Teal’c inclined his head. “You as well, Colonel Mitchell, Daniel Jackson.
“What happened?” asked Sam, beating Cam to it. Teal’c was wearing a long robe in golden fabric, and other than a small, scabbed cut on his cheek he looked absolutely fine.
“More importantly, who’s the goa’uld bitch?” asked Cameron, looking around the room nervously.
“Who are you calling a bitch?” The goa’uld voice came angrily from the far corner.
Cam went to grab the broken table leg he smashed on his way to the floor, and the only thing that stopped him was Jackson laughing. Weakly, and sounding kind of pissed off, but laughing nonetheless.
The figure in the corner moved, and Vala sauntered into the light. She was wearing Teal’c’s outfit, plus two tiaras and a hand device that she waved reproachfully at him.
“What?” Cam said, dropping the table leg. “Holy shit.”
“Say ‘thank you’,” Vala prompted, still using that damned voice.
“What happened?” Sam repeated. “I thought you were captured.”

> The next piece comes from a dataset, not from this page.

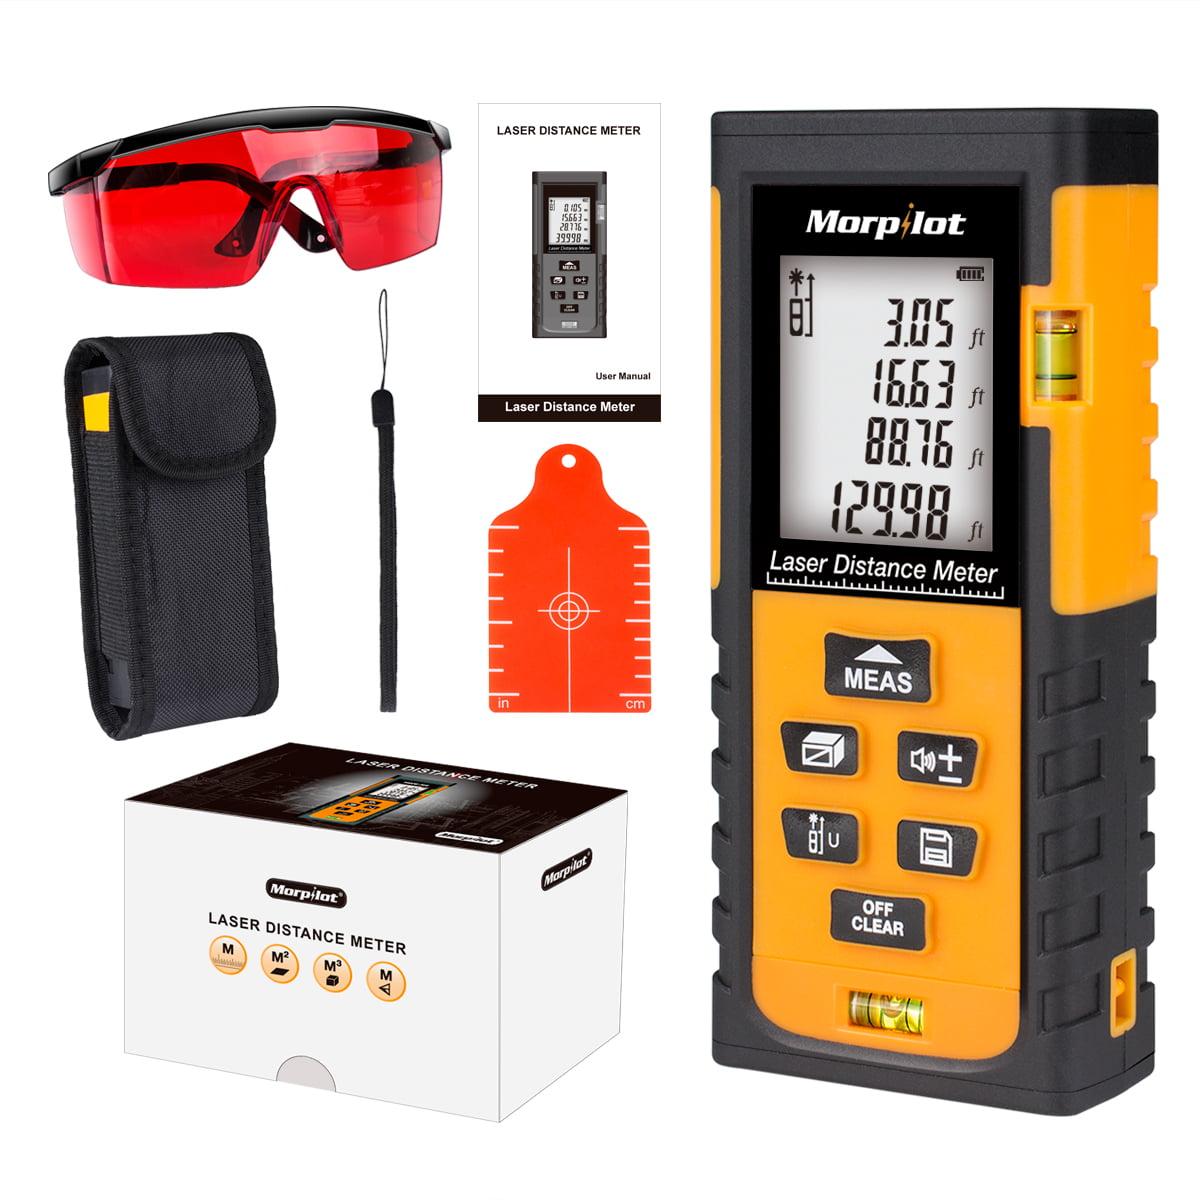 Laser Measure Morpilot 131ft Laser Tape Measure with Target Plate & Enhancing Glasses,... by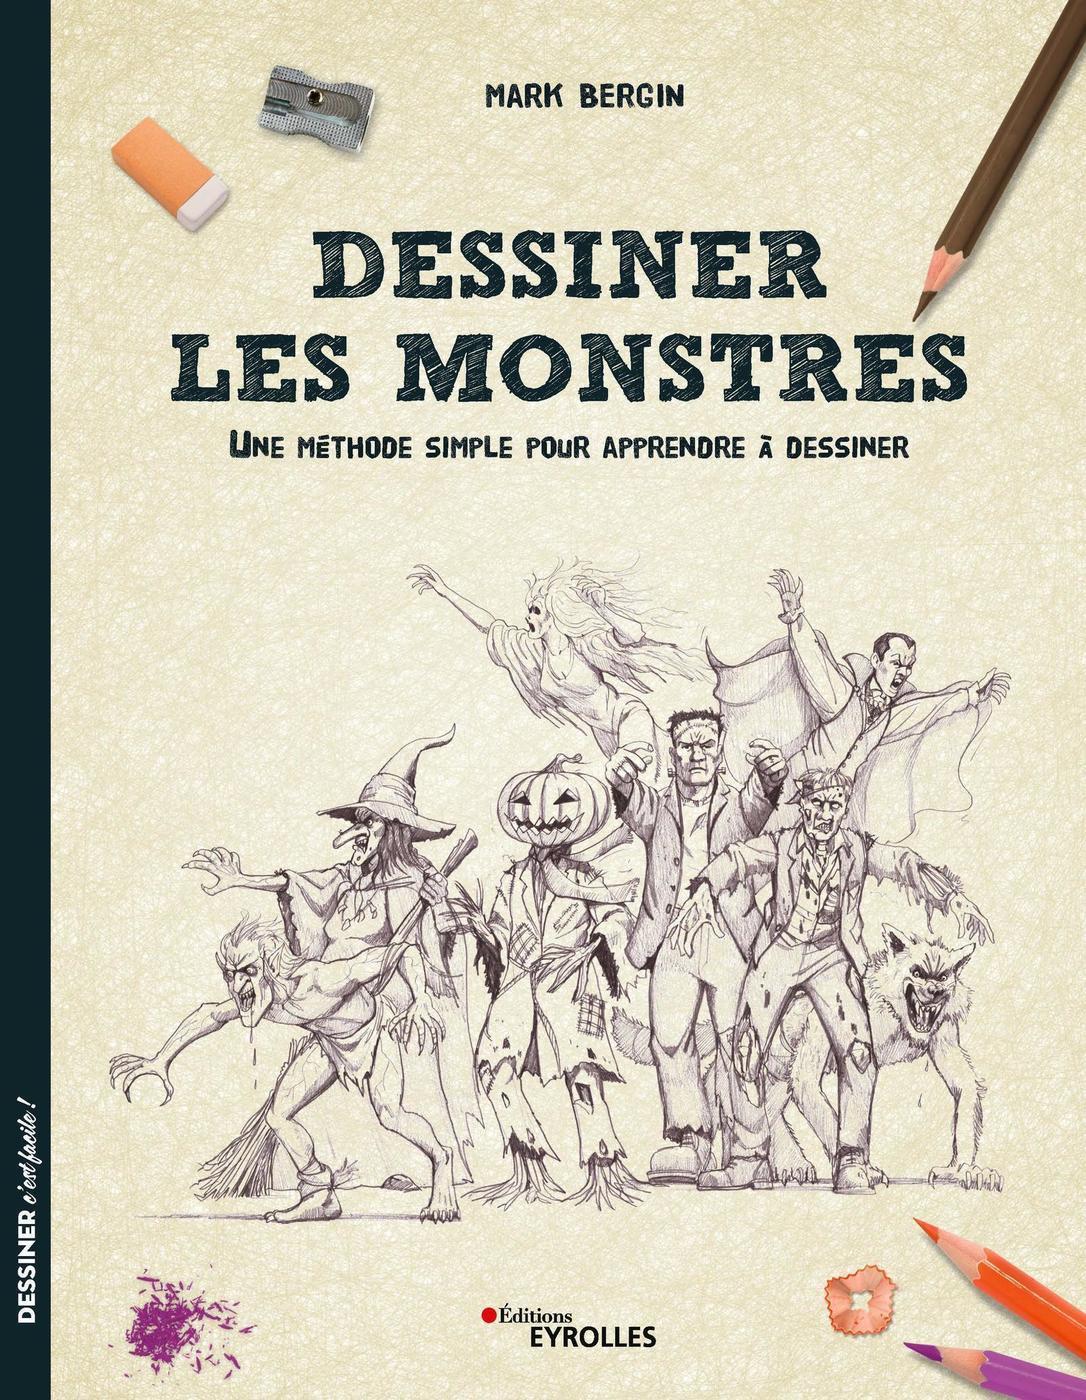 Dessiner Les Monstres Mbergin Librairie Eyrolles

“We were,” Teal’c confirmed. “Briefly.”
“Briefly?” asked Daniel.
“Well, I told the King that we were nice people, and that didn’t work.” Vala shook her head, strolling towards Daniel. “And then I told him we weren’t nice people and he should cower in fear, and that also didn’t work. And then he got all knifey, and my first prime” – she inclined her head towards Teal’c – “had to kill him. Once the others saw that, they started calling me Goddess, as they should.” She was talking normally now, kneeling next to Jackson and stroking his neck. He didn’t even bother shrugging her off.
“I told them you were my slaves and I wanted you back, unharmed.” She resumed the evil voice. “And that then I would leave this planet and not take them all as hosts.”
“We should leave as soon as possible,” Teal’c said. “They fear her, but they know and hate the goa’uld. It is not safe to maintain this ruse much longer.”
Cam struggled to his feet, then Vala helped him pull Daniel up as well. “Let’s get the hell out of here,” he agreed.
Jackson took a wobbling step and nearly fell over, almost taking Cam with him.
“Teal’c,” Cameron said.
“Allow me,” Teal’c replied. “I believe you call this ‘fireman’s hold’, Daniel Jackson?’
Jackson grunted. “Just let me hop through the ‘Gate on my own, okay?” He then allowed himself to be hoisted easily over Teal’c’s shoulder. Cam lined up behind them and Sam moved behind him. Vala brought up the rear, looking every bit as if she and Teal’c were cornering their three slaves.
“No one has said ‘thank you’ yet,” she said. “This displeases me,” she added in goa’uld voice.
“That voice gives me the willies,” Cam said.
“It gave me two tiaras,” Vala answered, utterly cheerful.